Valued at more than $36 billion, the portfolio of the Bill & Melinda Gates Foundation Trust includes 22 holdings based on its most-recent filing, many of which are dividend stocks. The Gates Foundation uses the sizable passive income that the portfolio generates to help fund its prodigious philanthropic work.

Of the various stocks that return capital to shareholders, two that stand out among the trust's holdings are United Parcel Service (UPS 1.04%) and Crown Castle (CCI -0.02%), both of which are high-yield dividend stocks. Below, two fool.com contributors dig into why the foundation values these stocks highly enough to include them in its portfolio and why Main Street investors might also want to add them.

A challenging 2023, but long-term growth looks assured

Lee Samaha (UPS): It's not shaping up to be a vintage year for UPS. A weakening economy and protracted labor negotiations with the Teamsters have caused management to lower its full-year guidance twice this year. 

Having gone into the year expecting revenue of $97 billion to $99.4 billion, and an operating margin of 12.8% to 13.6%, management now expects $93 billion and 11.8%, respectively. It's disappointing, but it needs to be put into context. There's little UPS can do about its end markets, but it can resolve its negotiations with the Teamsters and continue to structure its business for long-term growth. 

The excellent news is that UPS has an agreement with the Teamsters , and it continues to work on expanding revenue in key end markets such as healthcare and small and medium-size businesses (SMBs). 

An example of the latter comes from the international expansion of its digital access program (DAP), a highly successful program offering services to enable SMBs' e-commerce activity. At the same time, UPS is willing to forgo lower-margin deliveries. Indeed, even though U.S. domestic package volume declined 9.9% in the second quarter, its average revenue per piece rose 3.3%.

As such, UPS will likely emerge from the volume slowdown as a stronger company. Meanwhile, its 3.6% dividend yield is attractive for income-seeking investors while they wait for UPS to see better end markets.
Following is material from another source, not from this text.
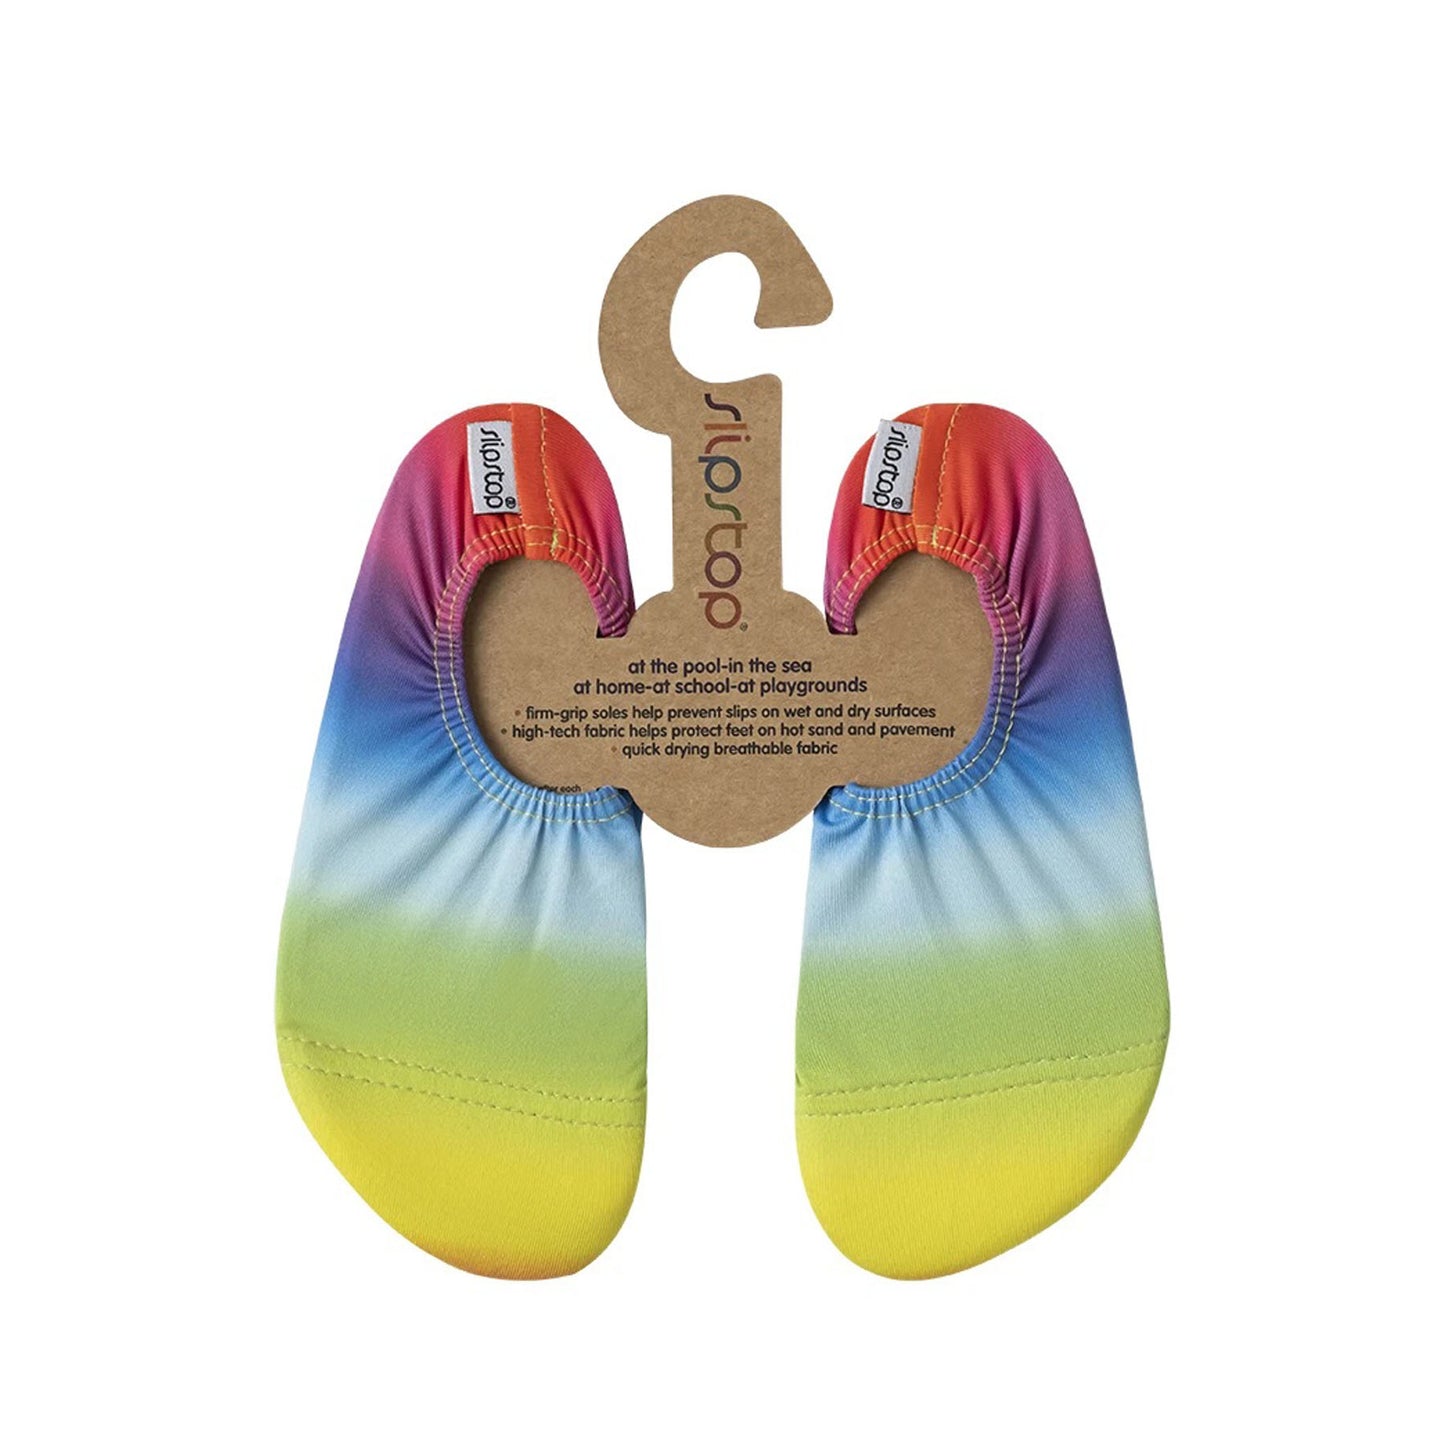 Slipstop Rainbow Junior Kaydırmaz Havuz ve Kız Çocuk Deniz Ayakkabısı SS21110340 MAVİ-SARI

5G deployment will drive dividend growth  

Scott Levine (Crown Castle)It's not the largest holding in the portfolio (that honor belongs to Microsoft), but what Crown Castle stock can lay claim to is certainly significant. With a juicy 5.5% forward yield, it is the highest-yielding dividend stock in the Gates Foundation's portfolio.

And fortunately for income investors, shares are attractively priced at 13.9 times operating cash flow, a discount to their five-year average cash-flow multiple of 23.3.
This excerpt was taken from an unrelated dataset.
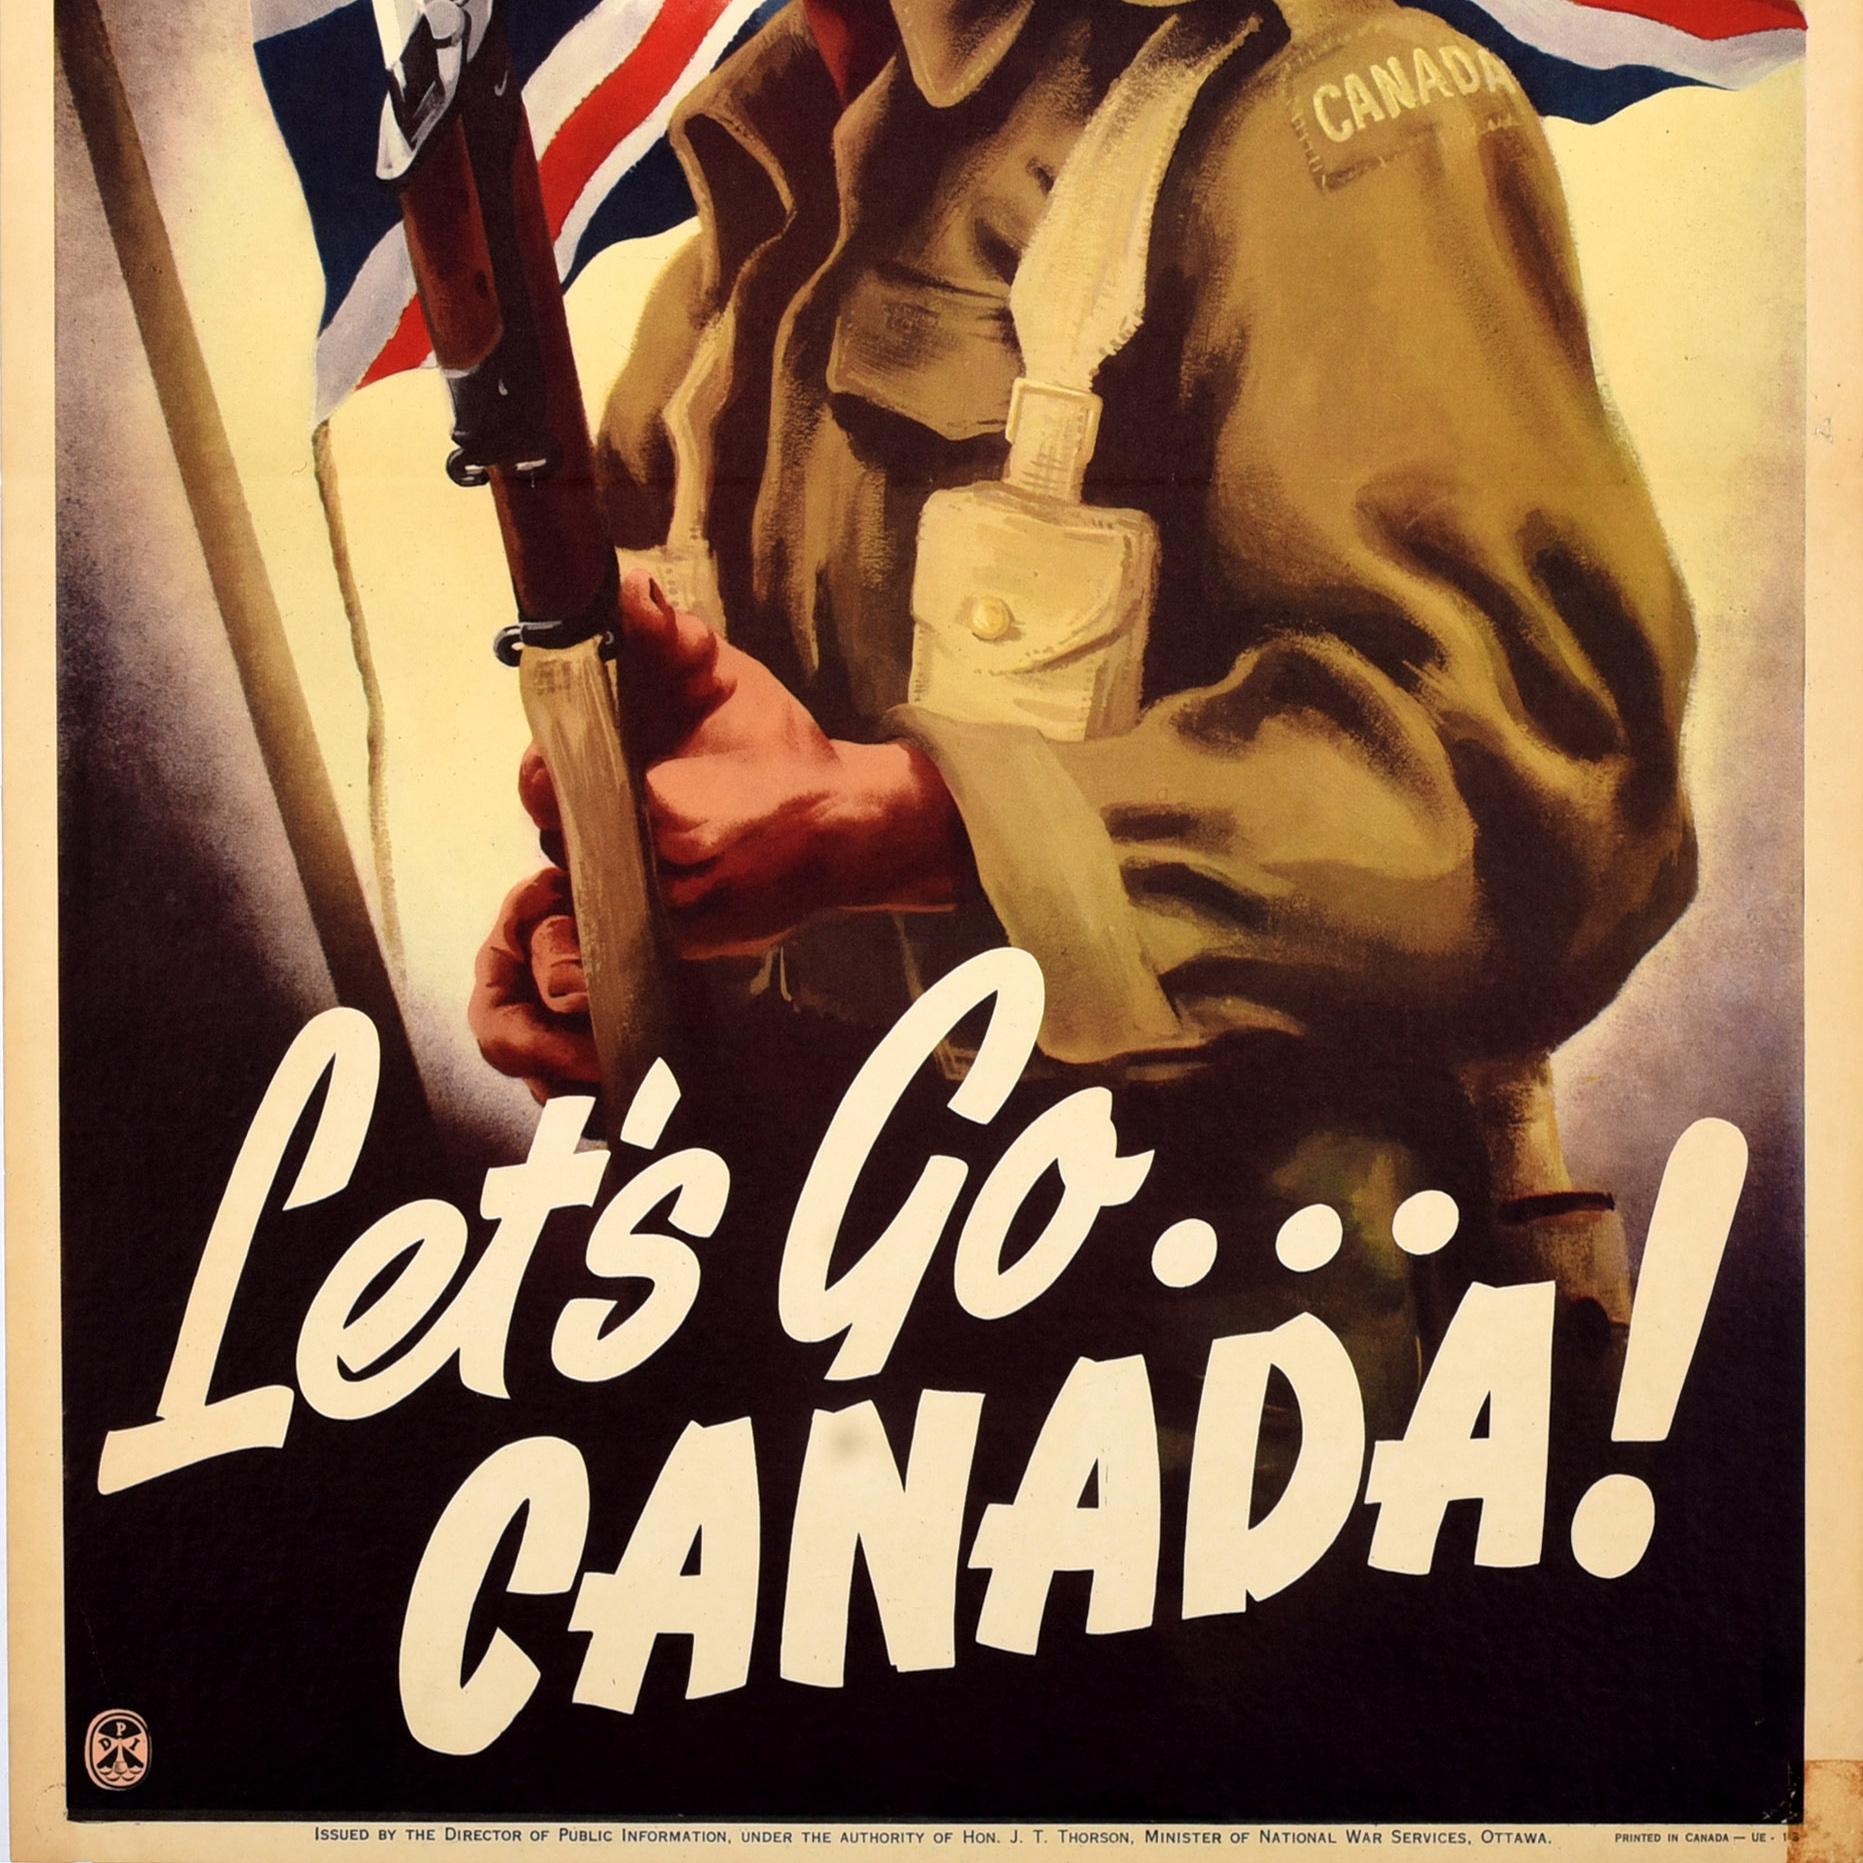 Original kanadisches Propagandaplakat für den Zweiten Weltkrieg - Let's Go... Kanada! - herausgegeben vom Direktor für Öffentlichkeitsarbeit unter der Autorität von Hon J.T Thorson Minister of National War Services Ottawa. Dynamisches Motiv, das

As a real estate investment trust (REIT), Crown Castle might not be a household name, but it's a company that Americans unknowingly rely on tremendously. With an expansive presence throughout the United States, it helps facilitate wireless communications with its portfolio of 40,000 cell towers, 120,000 small-cell nodes (which help to strengthen network capacity in areas of high demand), and about 85,000 route miles of fiber cables.

The REIT's dividend is already substantial, and the company forecasts growing it further for years to come, targeting a long-term annual growth rate of 7% to 8%. Management reiterated on the company's recent second-quarter 2023 conference call that it bases this outlook on consistent growth in tower organic revenue of 5% following the initial rollout of 5G.

And Crown Castle has 60,000 small cells in its backlog. As these are deployed over the next few years, the company expects to generate double-digit small-cell revenue growth beginning in 2024.

Are these Gates Foundation stocks right for you?

In light of the ample dividend income that UPS and Crown Castle provide, it's no wonder the Gates Foundation includes them among its holdings.

Those on Main Street who are also delighted with the prospect of UPS delivering dividend income should find the company's clarity with its labor relations encouraging as well as its future growth prospects.

Similarly, those looking for a higher-yielding dividend or those interested in gaining some REIT exposure linked to wireless communications would be well served to scoop up shares of Crown Castle.